What needs to be done: For this exercise, write out the whole listing below exactly, omitting its images.

(Provided data)

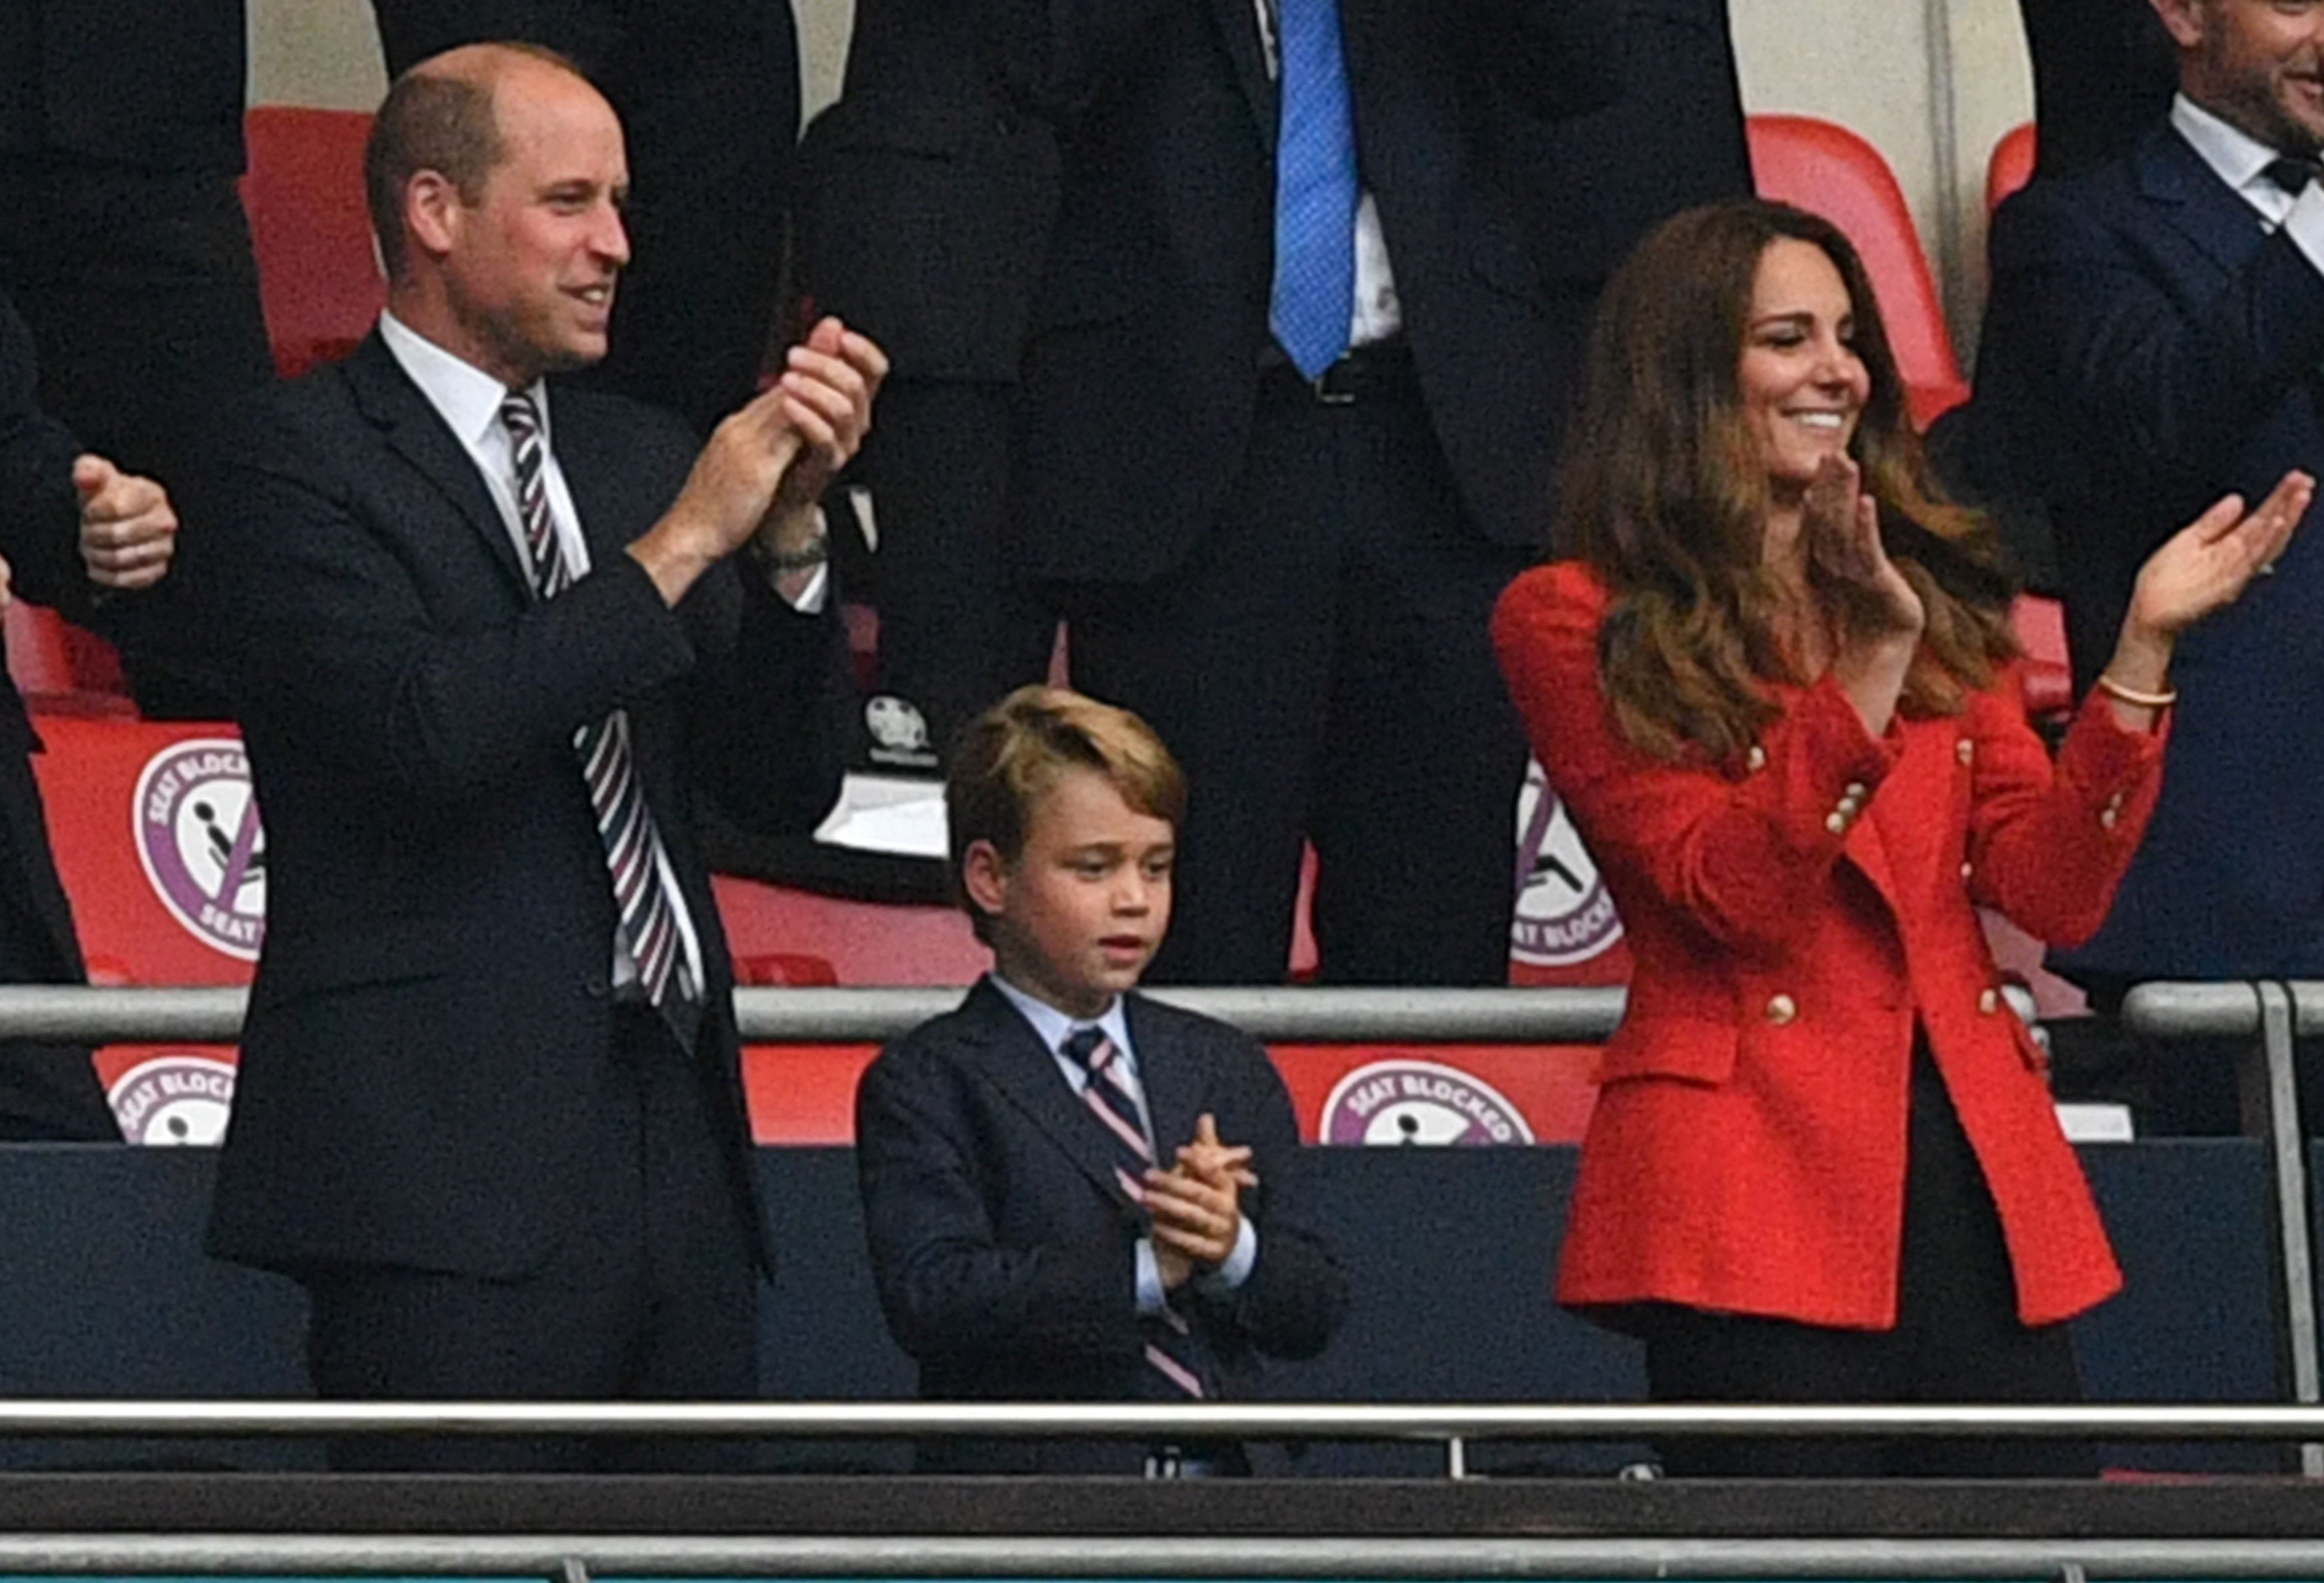 Prince William, Prince George, and Kate Middleton in the stands and clapping at the UEFA EURO football match between England and Germany
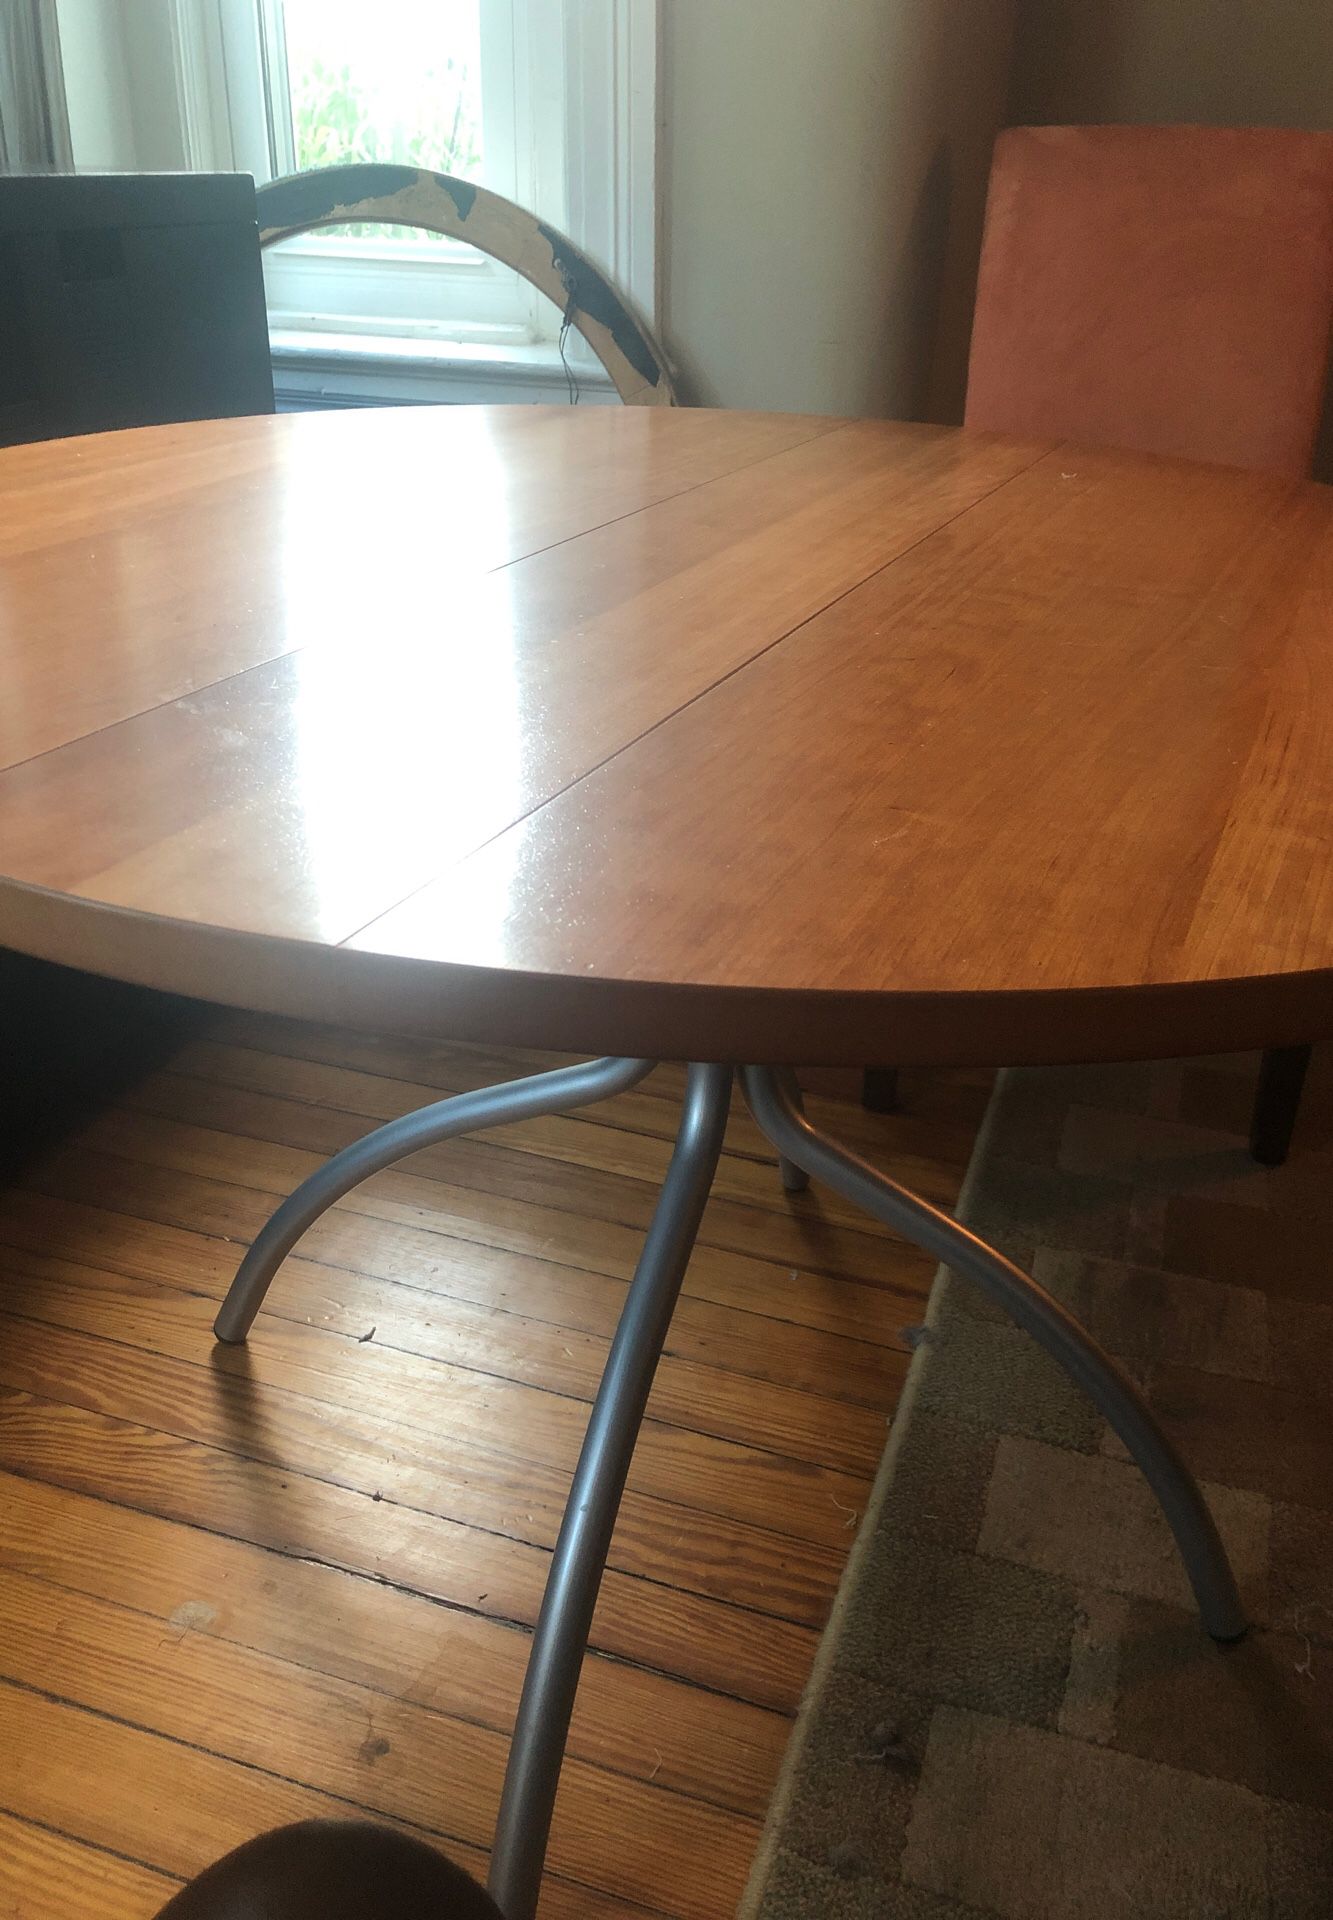 Dining table folds down
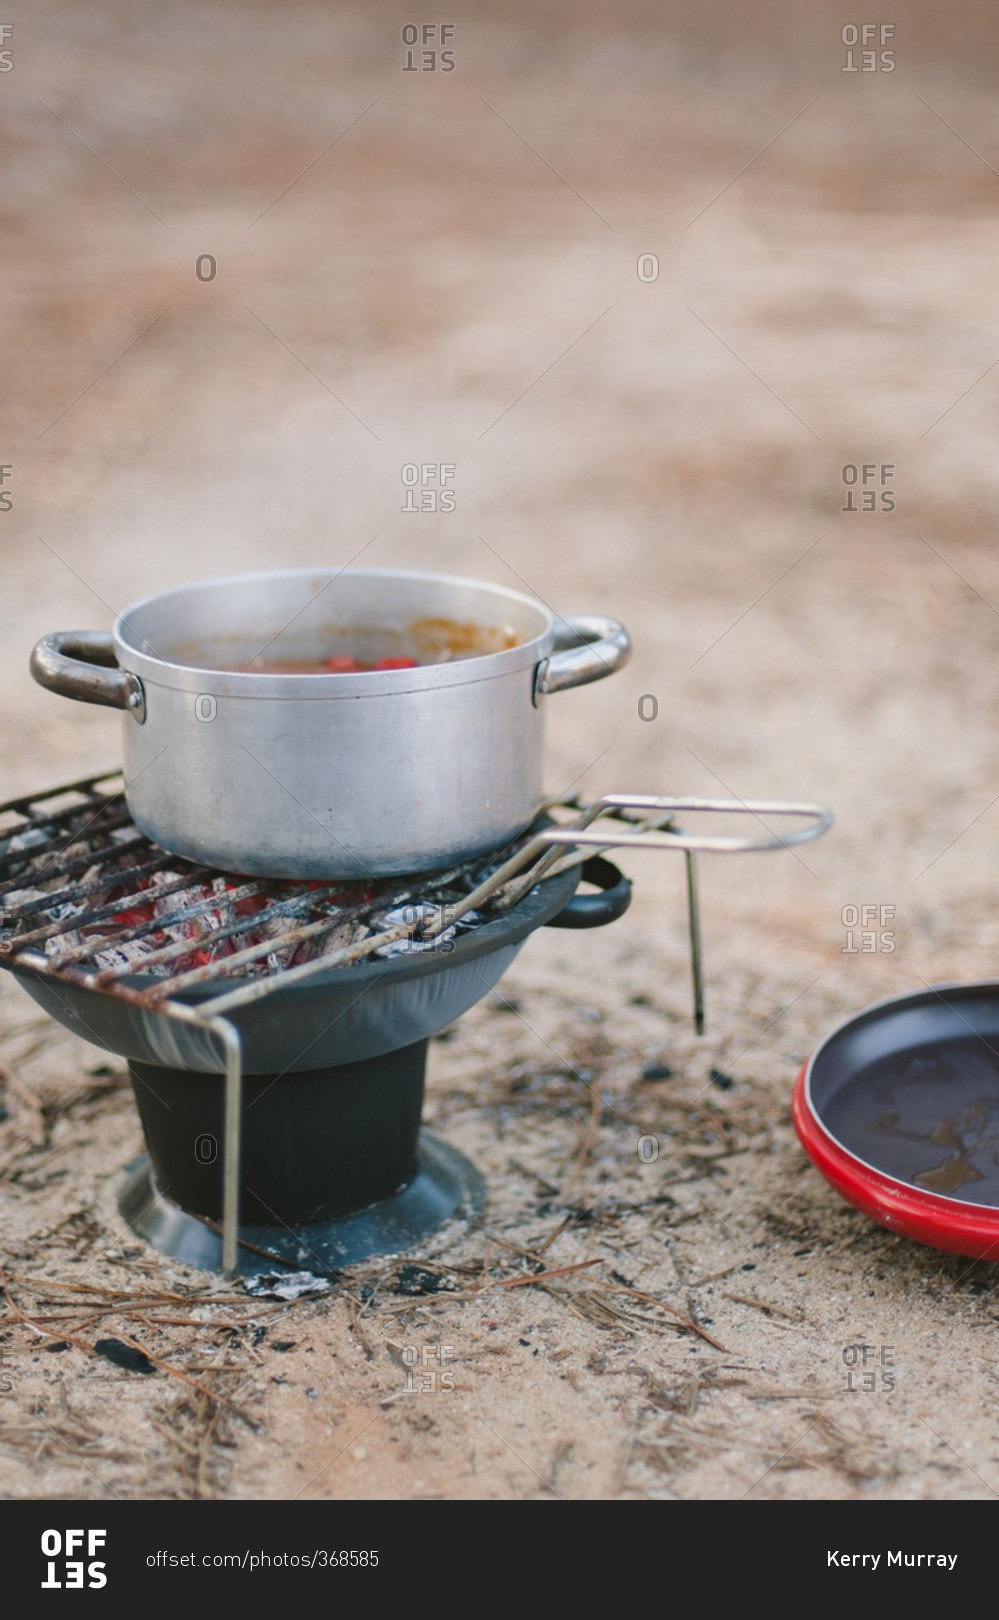 Pot cooking on camp stove
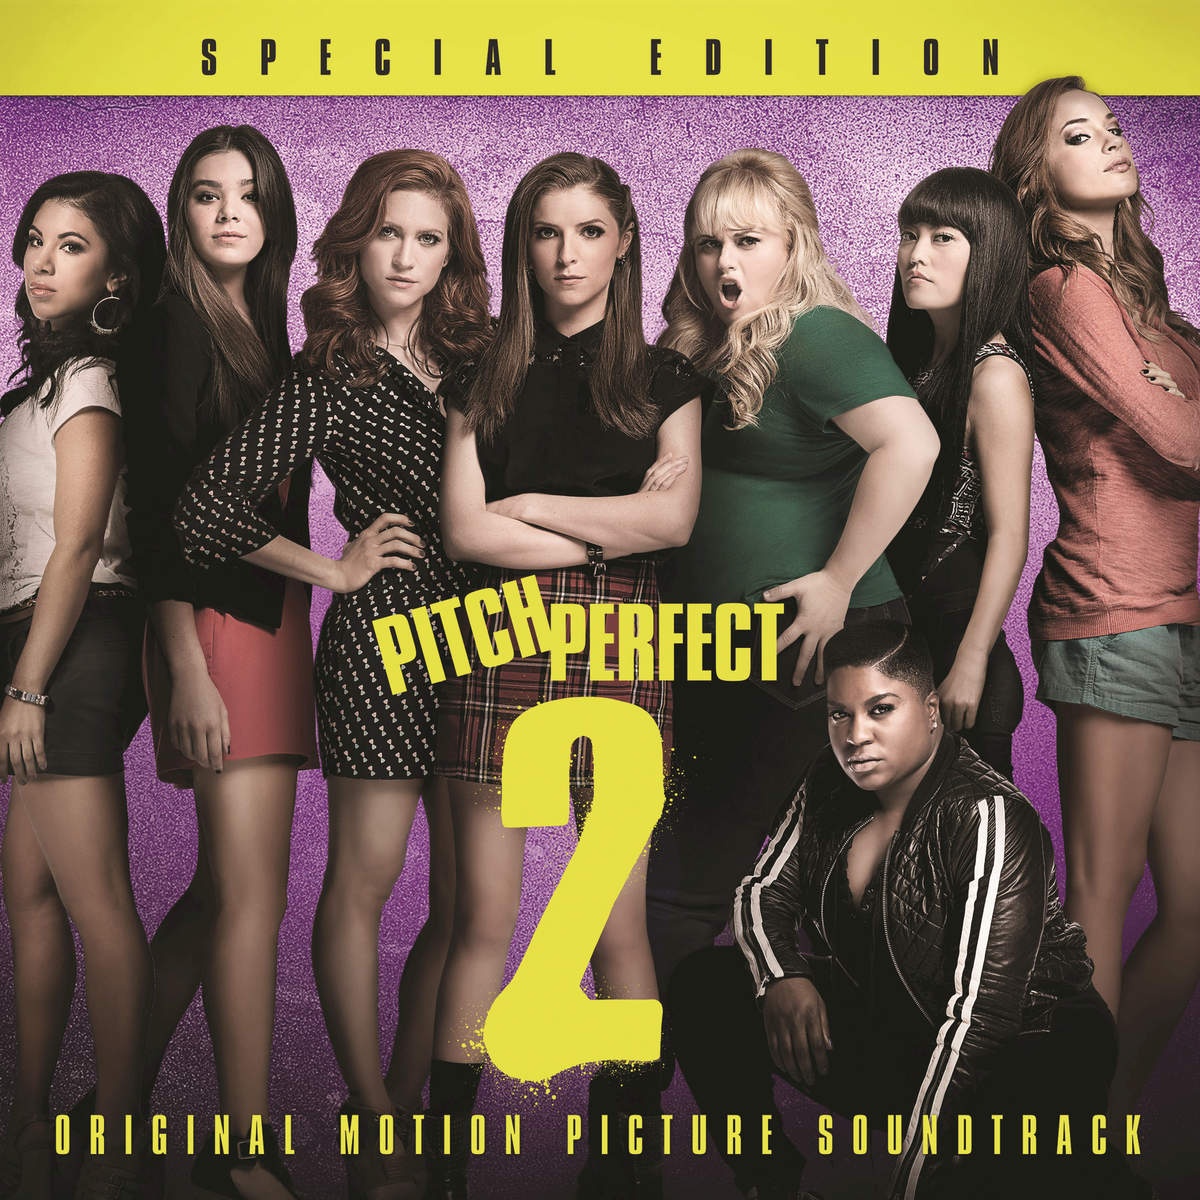 Flashlight (From "Pitch Perfect 2" Soundtrack)

(End Provided data)

Solution:
 Prince William, Prince George, and Kate Middleton in the stands and clapping at the UEFA EURO football match between England and Germany
 Dining table folds down
 Pot cooking on camp stove
 Flashlight (From "Pitch Perfect 2" Soundtrack)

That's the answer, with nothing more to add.